- DVD cover
- Directed by: Harirajan
- Written by: Harirajan
- Produced by: Harirajan
- Starring: Sathyaraj Megha Sanghavi
- Cinematography: B. Kannan
- Edited by: M. Sunil Kumar, Kishore Te
- Music by: Dhina
- Production company: Priyanka Art Productions
- Release date: 21 January 2005;
- Running time: 142 minutes
- Country: India
- Language: Tamil

= Iyer IPS =

Iyer IPS is a 2005 Indian Tamil-language action film written, produced and directed by P. Harirajan. It stars Sathyaraj in dual roles as a police officer (hero) and a gangster (villain), along with Megha and Sanghavi. The music was composed by Dhina. The film was released on 21 January 2005.

==Plot==
DCP Gopal Iyer is an encounter specialist. He comes across a Muslim woman named Nasreen, whose father is killed by gangsters. Out of pity, he marries her much against his parents' opposition. Suddenly, Nasreen passes away in a childbirth. Meanwhile, Jenniffer, a scribe, learns of a fake encounter organized by Iyer to bump off a known rowdy. She follows him from then, blackmailing him, but Iyer, who thinks that evil forces do not deserve a chance in the court, does not change his style of operations. Elsewhere, a mute gangster named Venkatachalapathy, whose men killed Nasreen's father, vows to kill Iyer after he got imprisoned after apprehended by Iyer. Now aware that his son kills people in the name of encounters, Iyer's father Vishwanatha Iyer decides to take cudgels against him. He falls in to the vicious trap of Venkatachalapathy, and the rest is about how Iyer embarks on a mission to rescue his family and put an end to Venkatachalapathy's shenanigans.

==Soundtrack==
Soundtrack was composed by Dhina.

| Song | Singers | Lyrics |
|---|---|---|
| "Mylapore Mami" | Pushpavanam Kuppusamy, Srividya | S. R. Paralan |
| "Manmadhane Manmadhane" | Malathy | P. Harirajan |
| "Hi-Tech Kangala" | Ganga, Srilekha Parthasarathy, Srividya | Piraisoodan |

==Reception==
Malini Mannath of Chennai Online wrote, "The weak script, inane charecterisation and the director being totally like a fish out of water in the milieu he's chosen, have all taken their toll on Satyaraj's performance too." Cinesouth wrote, "The film is taken with the sole intention making money by using the present 'salability' of Sathyaraj. In this film, Ari had written the story, screenplay and had produced this movie, without 'bothering to direct' it.
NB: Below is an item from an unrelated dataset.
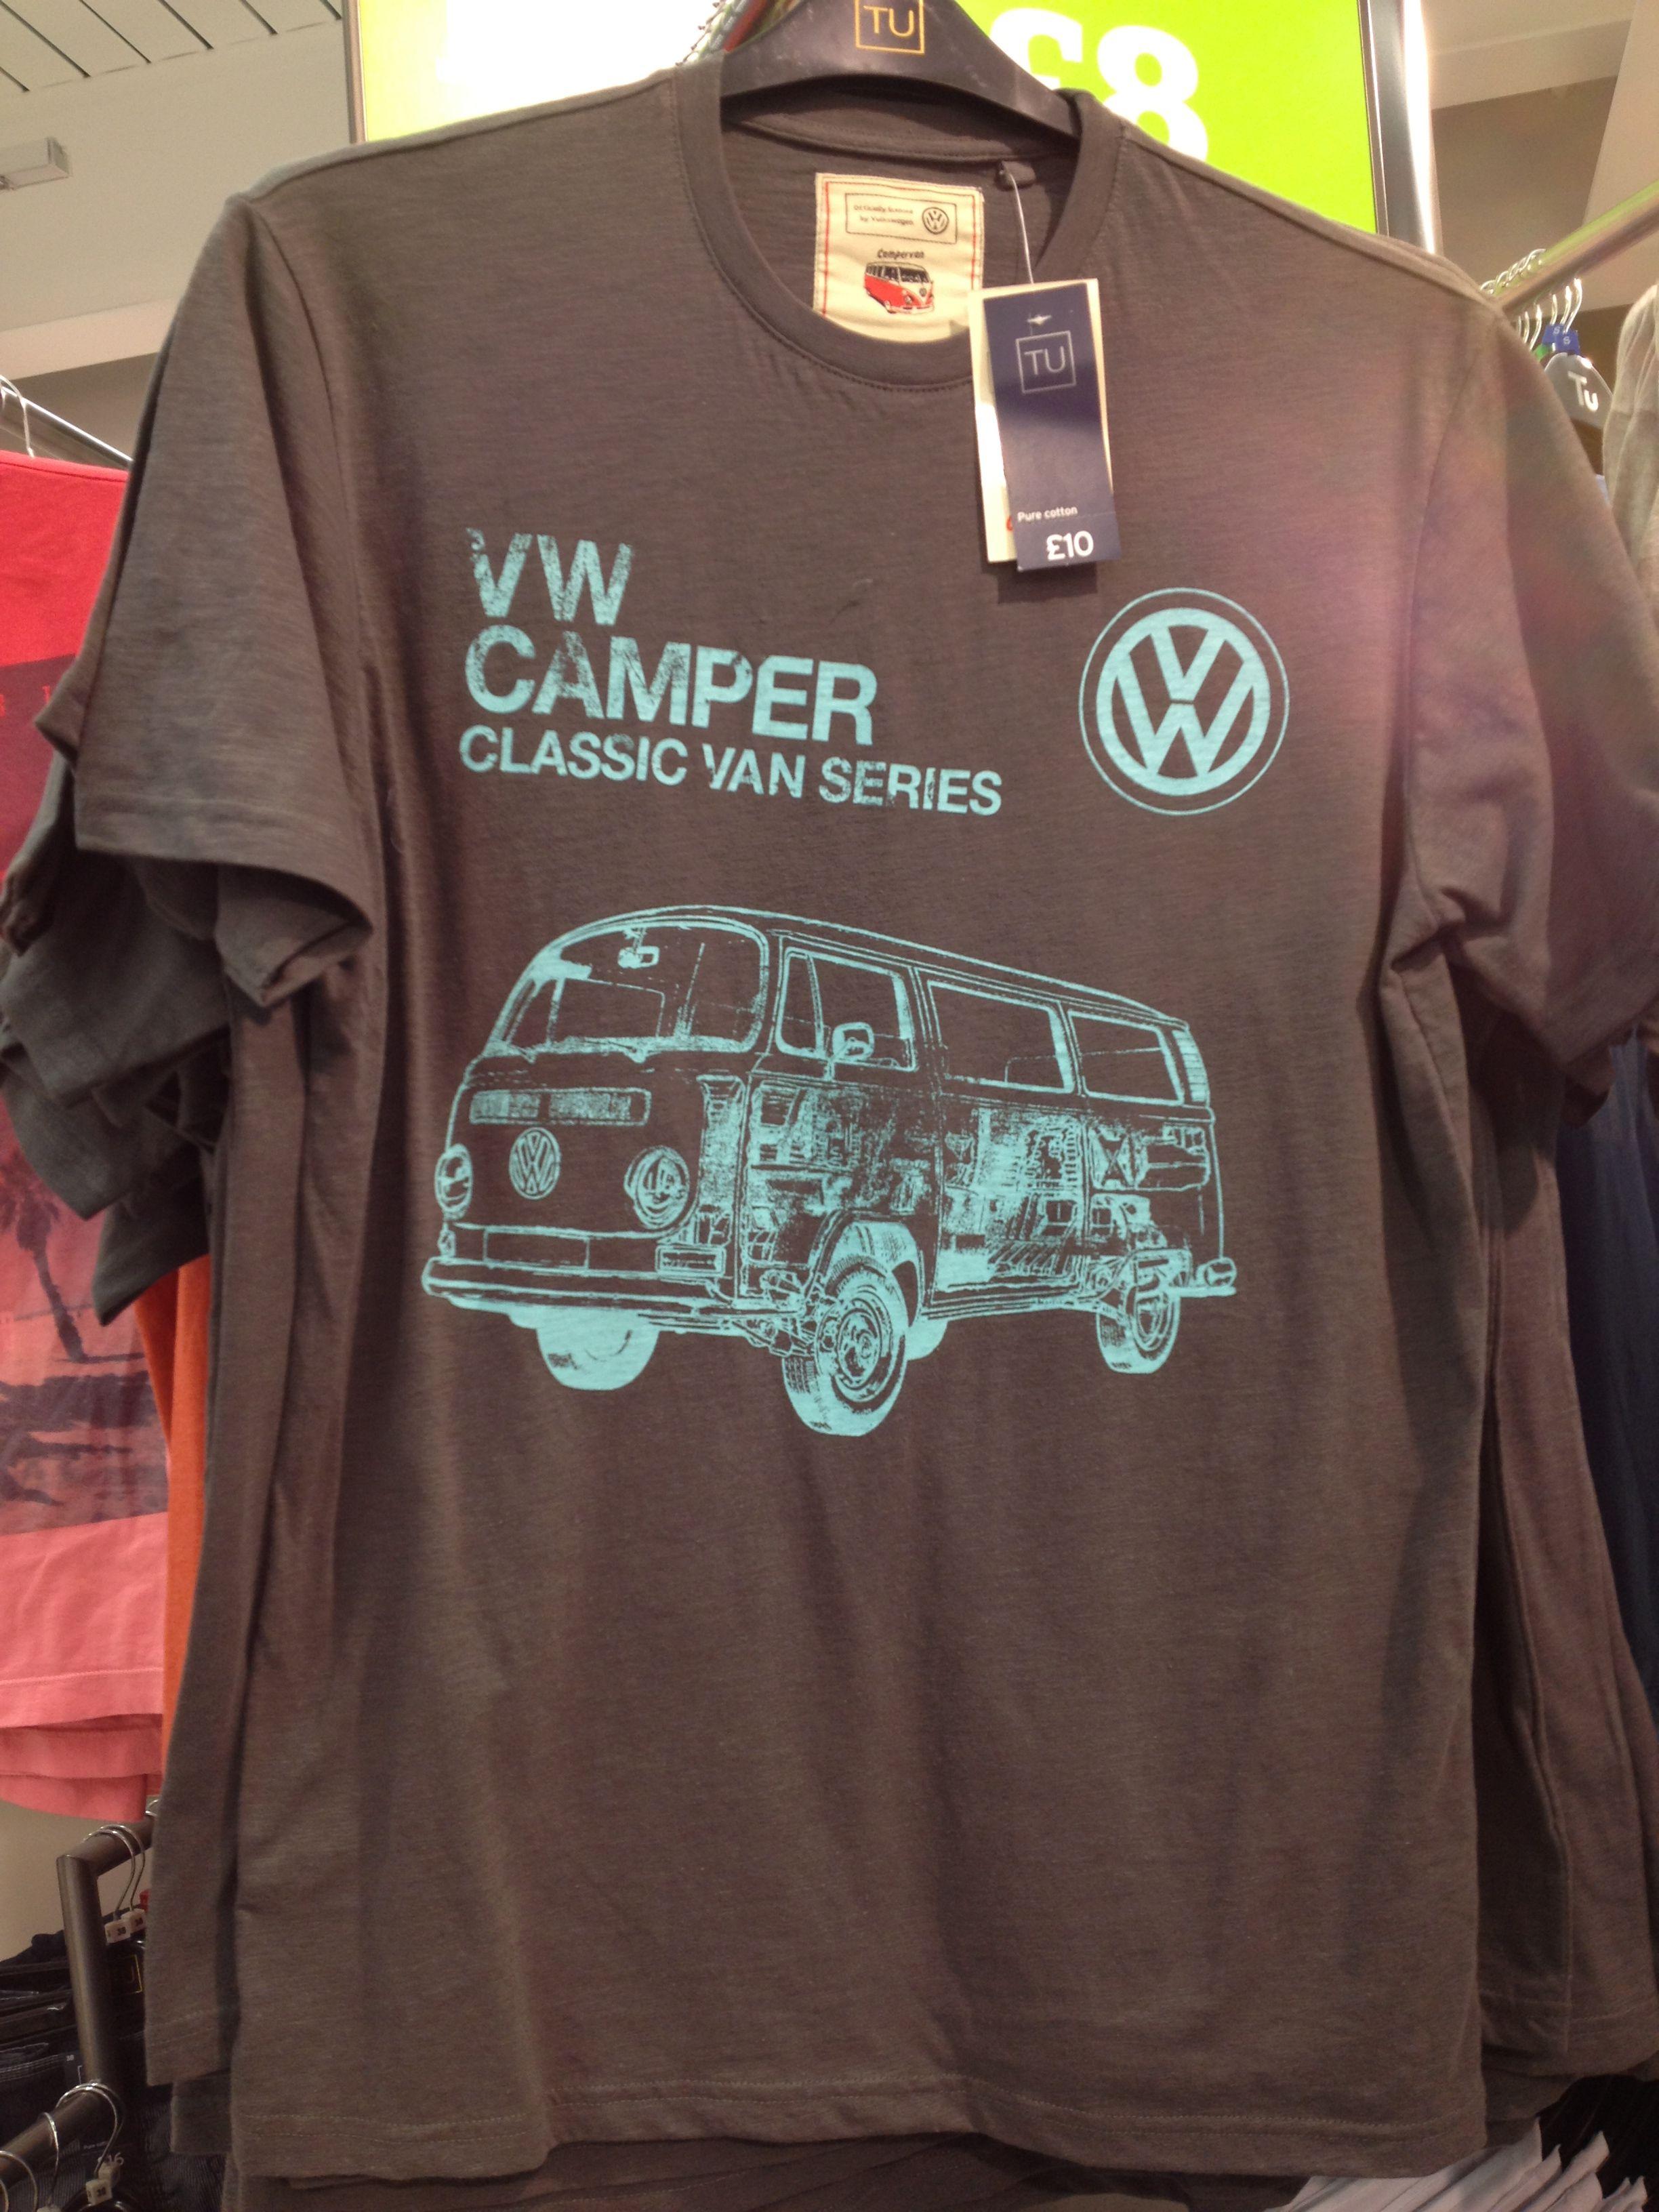 White apron sainsburys - Vw Campervan T Shirt At Sainsburys

He should be appreciated for this rare courage. Sathyaraj should be 'appreciated' for having acted in this half- baked movie". Malathi Rangarajan of The Hindu wrote, "HARIRAJAN, [..] should have worked more on the script, his own, to make it neat and tight. As such it sags at several places tempting the viewer to take a nap not only in between, but also in the climax. Except Satyaraj, the actors fail to raise to the expectations".